“Leftism Is a Mental Problem,” Says Argentina’s Conservative President Javier Milei
“At one point, I thought being on the left was a mental problem,” Argentina’s conservative president, Javier Milei, told reporters. A former professor trained in the school of Austrian economics, Milei pointed to the data, saying the empirical evidence is overwhelming, that it has never worked anywhere, and that its supporters refuse to accept that reality. Since clinging to false beliefs despite overwhelming evidence is the textbook definition of delusion, he concluded, “Therefore, I thought it was a mental problem.”
“They are enemies of numbers,” He said, like a true economist. “They hate numbers. I don’t know if lefties hate bathing more than numbers.”
The numbers President Milei is referring to are the large number of countries that have been communist at some point in history, including Soviet satellite states, totaling about 50. Today, only five remain: China, Cuba, Laos, North Korea, and Vietnam. Another interesting number is zero, the number of countries that have returned to communism after escaping from it.

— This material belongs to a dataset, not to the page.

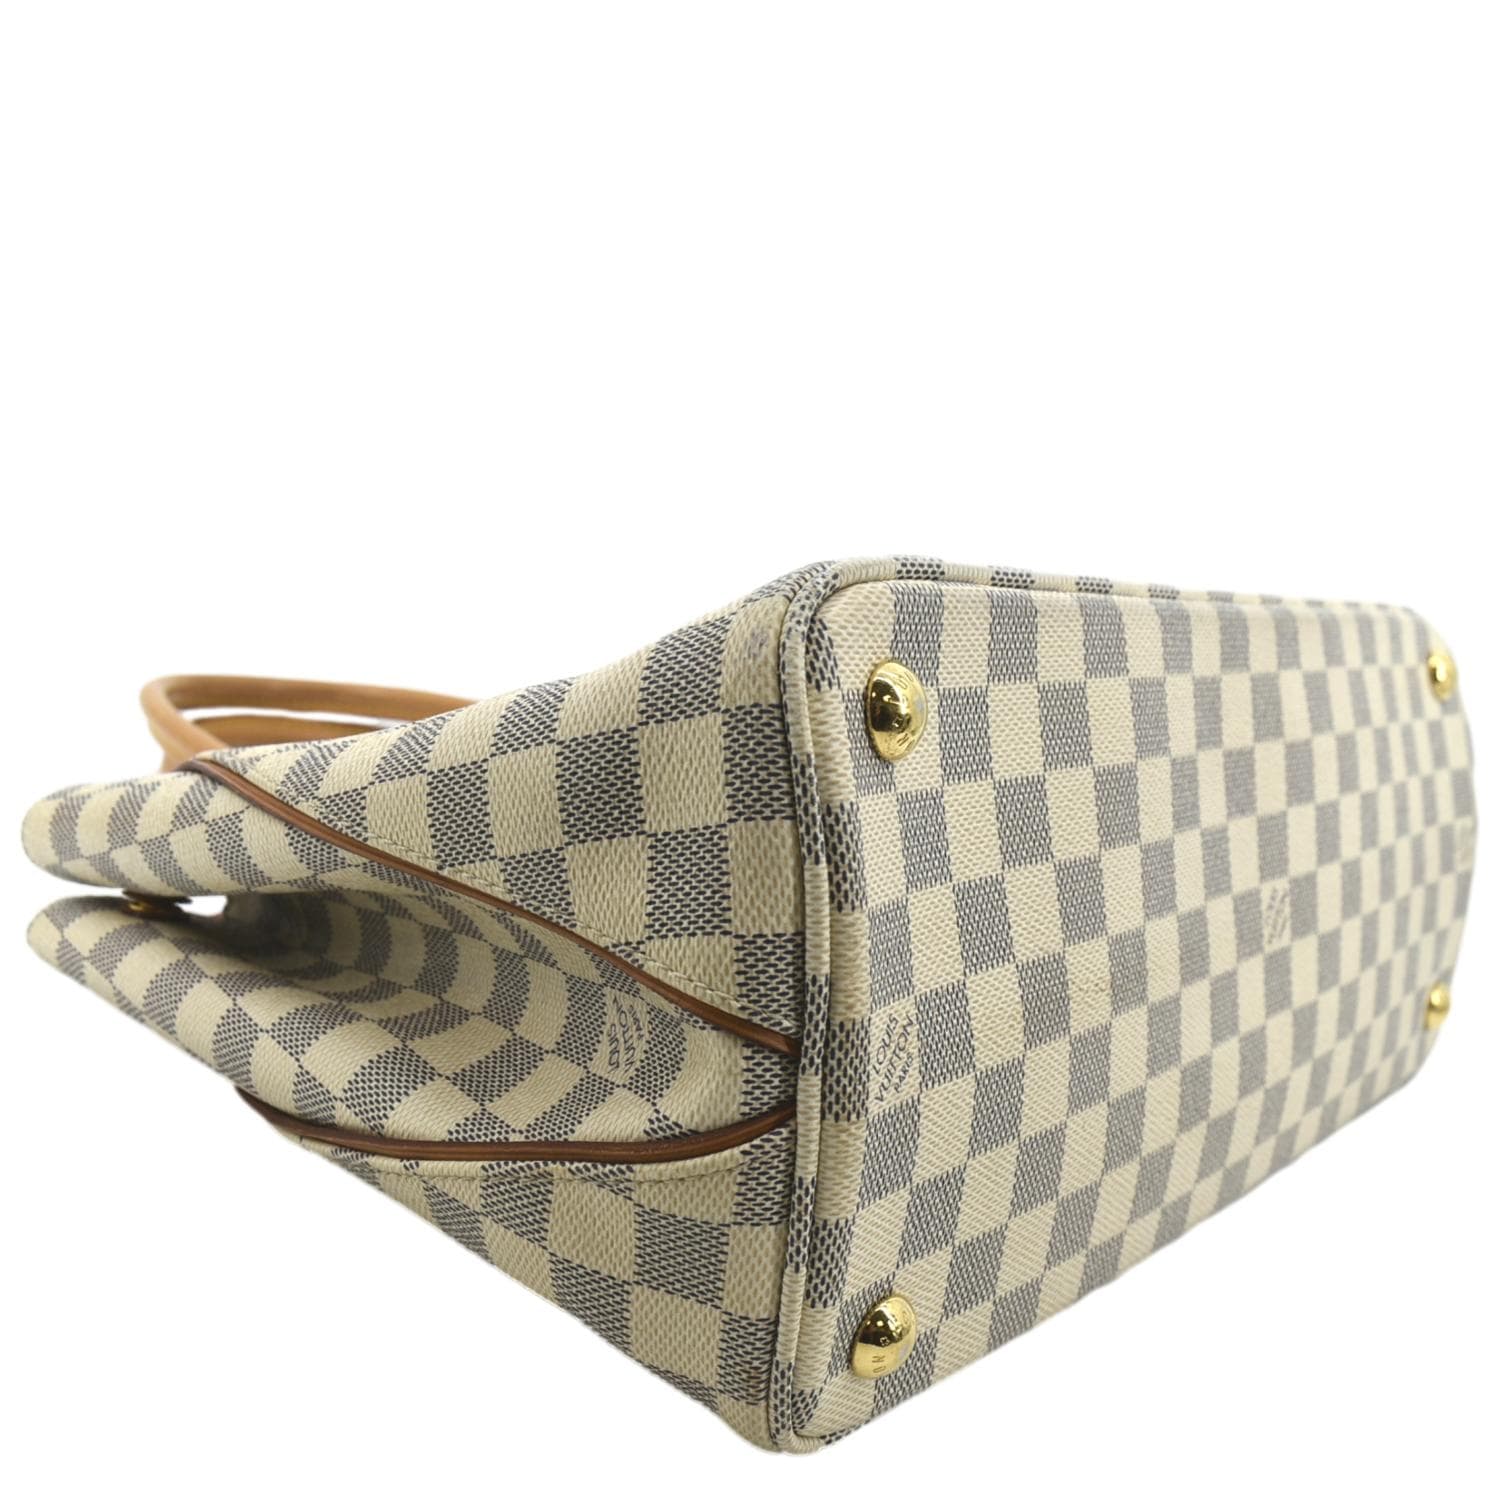 Luxury Cheaper - Auth Louis Vuitton Calvi Damier Azur Shoulder Bag ✓  Overall Condition: Mint/Like New ✓ Style: Shoulder Bag ✓ Outside: No rips,  No tears, Minor scratches ✓ Inside: No rips

“They are very violent. And since they have no way or arguments to answer, they go for physical violence,” explained Milei. “Leftists always, let’s say, resort to physical violence and all kinds of violent manifestations because they are unable to refute the arguments.”
Here, Milei is hitting on two important points. First, he argues that leftists cannot refute the empirical evidence that communism does not work. Second, he points to a historical record of violence, suppression, arbitrary arrest, torture, and execution.
The total number of people killed by communist regimes, including deaths caused by resource mismanagement and regime-imposed famines, varies. However, one of the most widely cited works is The Black Book of Communism, published by Harvard University Press and authored by European scholars drawing on newly opened Soviet archives. The authors estimate that communism’s death toll ranges from 85 to 100 million. They break this down as up to 25 million in the former Soviet Union, 65 million in China, and 1.7 million in Cambodia, with additional deaths across Vietnam, North Korea, Eastern Europe, Africa, and Latin America.